- _WHAT IS NEEDED_
Copy the data exactly from the line that contains "Radiador de Agua" through the line that contains "Online T-shirt designer Kreativator", keeping both end lines and leaving out everything else.

- _DATA SHOWN_
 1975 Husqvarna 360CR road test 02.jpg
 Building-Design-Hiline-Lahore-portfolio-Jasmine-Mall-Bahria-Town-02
...
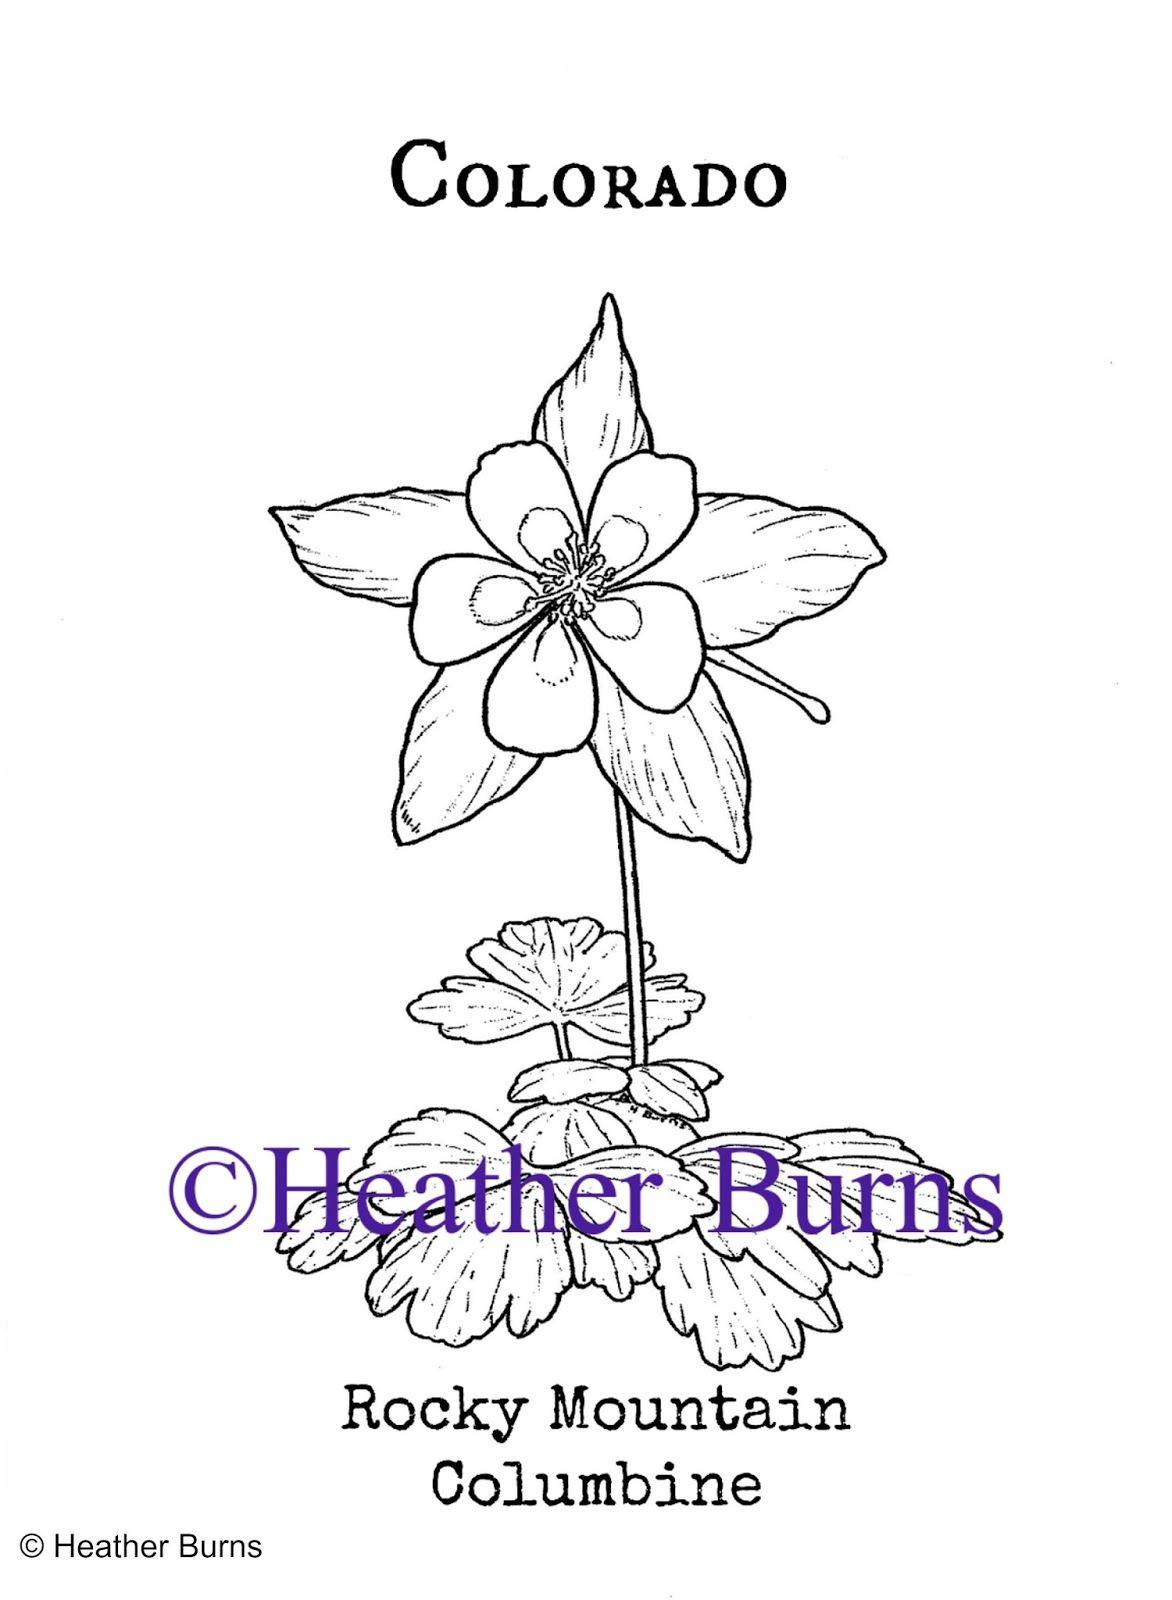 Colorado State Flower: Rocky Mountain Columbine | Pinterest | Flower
--
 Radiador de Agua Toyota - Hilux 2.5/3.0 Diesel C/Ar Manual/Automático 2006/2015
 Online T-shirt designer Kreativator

- _OUTPUT OF THE TASK_
 Radiador de Agua Toyota - Hilux 2.5/3.0 Diesel C/Ar Manual/Automático 2006/2015
 Online T-shirt designer Kreativator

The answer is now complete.